29 de octubre de 2007

La Noche (y la tarde)


Este título es el de una obra del poeta boliviano Jaime Saenz, en la que resalta su modus vivendi. No obstante no todos tenemos que ser de la Boheme o Felipes Delgados para tener lugares nocturnos predilectos.

El entorno social, desde la niñez define a la esencia de una persona. Los lugares que hemos frecuentado, la gente con la que hemos compartido es determinante en lo que llegamos a ser. Estos lugares al principio no los escogemos, normalmente los imponen las circunstancias, a partir de allí, escogemos simplemente si nos gusta más este bar o aquél, pero siempre con la limitante del barrio o de la ciudad o el país que nos ha tocado.

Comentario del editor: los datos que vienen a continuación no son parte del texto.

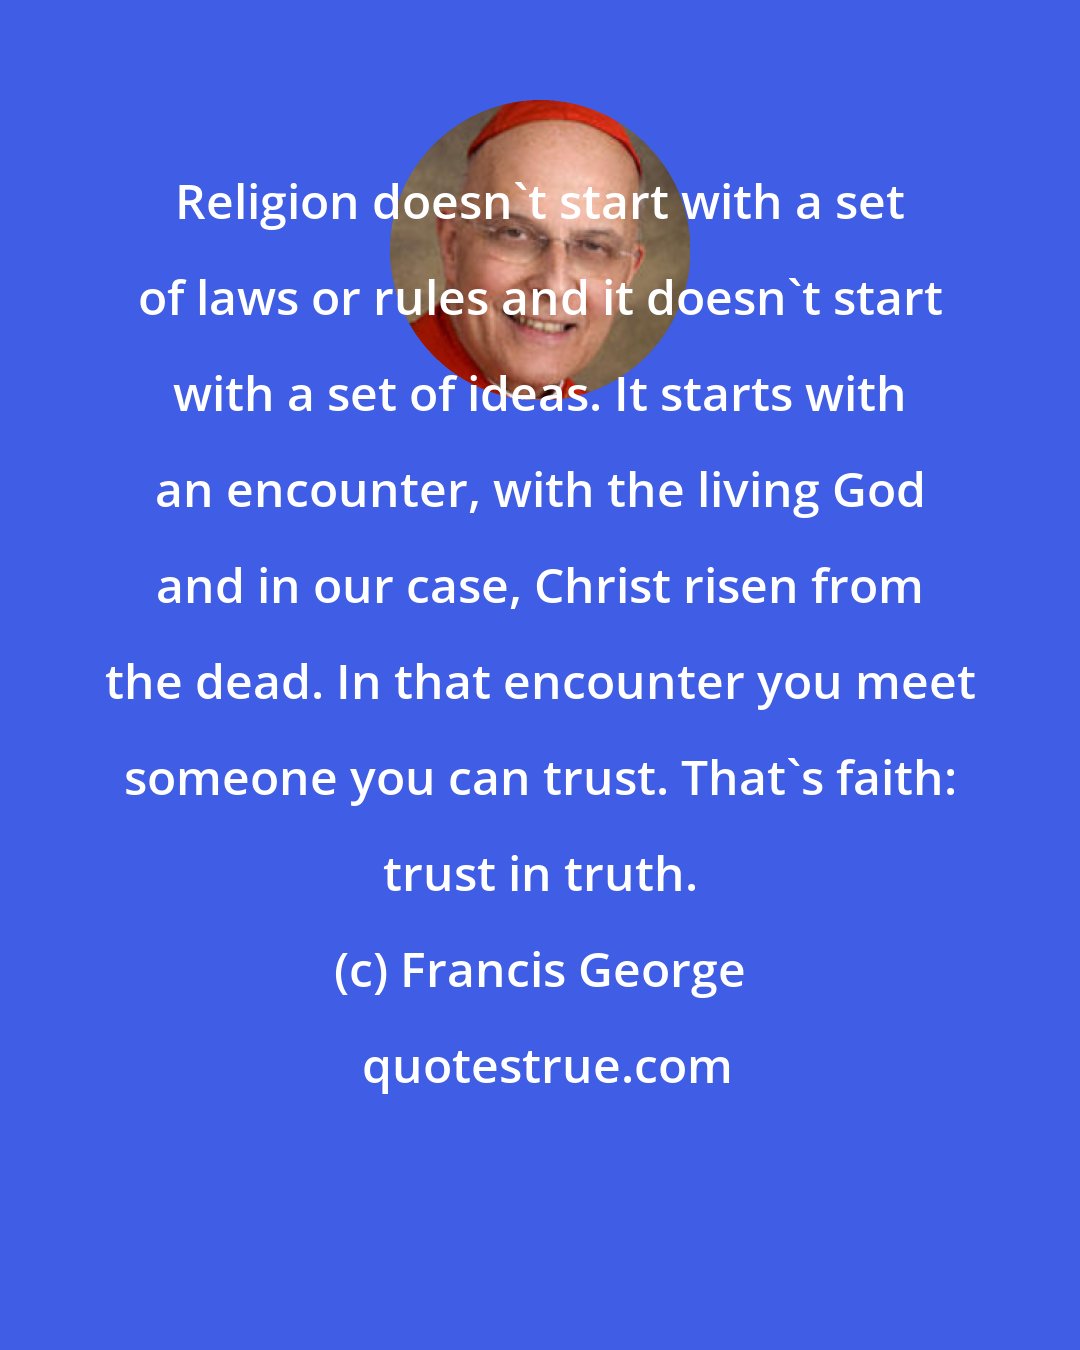 Francis George: Religion doesn't start with a set of laws or rules and it doesn't start with a set of ideas. It starts with an encounter, with the living God and in our case, Christ risen from the dead. In that encounter you meet someone you can trust. That's faith: trust in truth.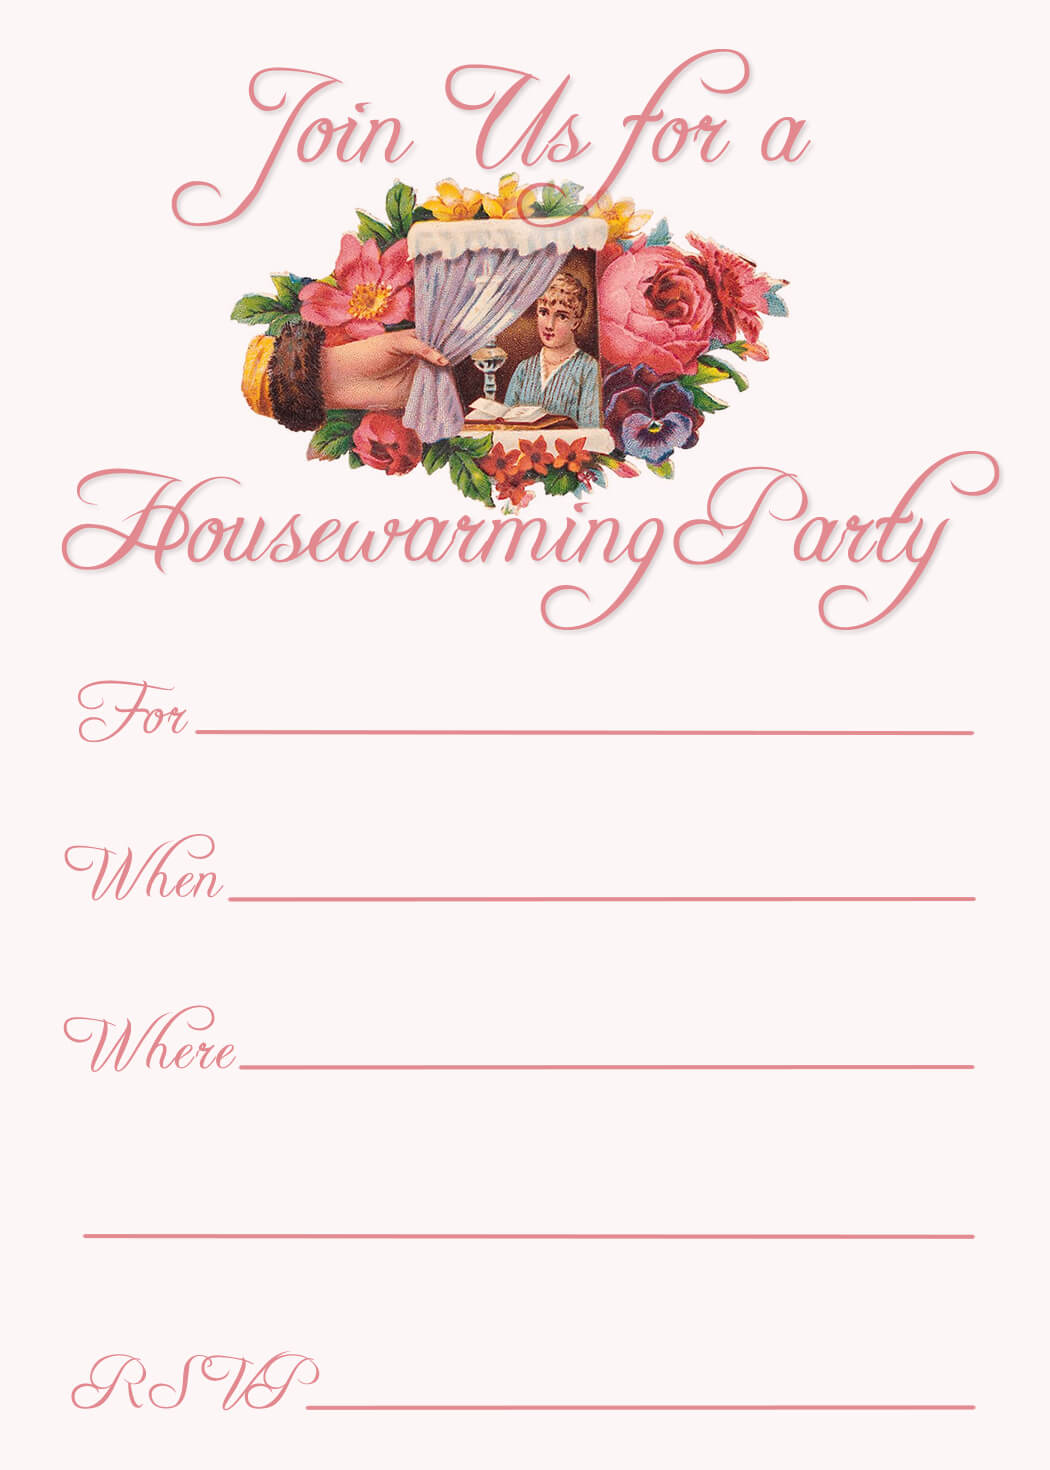 Free Printable Housewarming Party Invitations | Housewarming With Free Housewarming Invitation Card Template

En este contexto, los bares y cafés, lugares donde hemos forjado opiniones y emociones muy fuertes son parte de nuestra historia.

Mi adolescencia en Cochabamba estuvo marcada, como la de muchos por Metrópolis, Kefrén o Las Planchitas.

El primer lugar de consumo fue el kiosco del parque La Torre, con las desdentadas “cancheras” que administraban el futbolín, siendo anfitrionas de donde maquinábamos planes, barbaridades y fechorías para el ejecutar en el colegio.
Más adelante nos mudamos al té Oriental, de los hermanos Sadé. Riquísimos buñuelos y cuñapés nos han soportado muchas tardes de chachas (léase pellas) del cole, del atle, del cba, y otras obligaciones varias.

En el último año del Loyola, mi formación más intensa se trasladó de las aulas a Las Planchitas. Gracias a una cierta calamidad de profesores entre las que destacaban uno de química y otro de matemáticas, estudiantes universitarios aún probablemente, tuvimos que ir a cultivarnos a una suerte de chichería en ese entonces, y hoy un próspero salón de comidas populares. Despilfarramos muchas tardes del último curso del colegio conociendo lo que era el guarapo y las reacciones del cuerpo de mis compañeros ante el alcohol.

Las noches cambiaron en la Universidad. Con la entonces vigente Ley de mayoría de edad a los 21, no quedaba más remedio que dar vueltas y vueltas durante horas en mi Brasilia 1977, llena de humo y de canciones de Lou-Kass, pasando de rato en rato por Automanía para ver a las “buenas”, justificándonos que las que iban ahí eran todas tontas y que ellas se perdían de nosotros, los inteligentes. Miles de “tontas”, noche tras noche, entre las que estaban nuestras hermanas, amigas, primas y otras conocidas.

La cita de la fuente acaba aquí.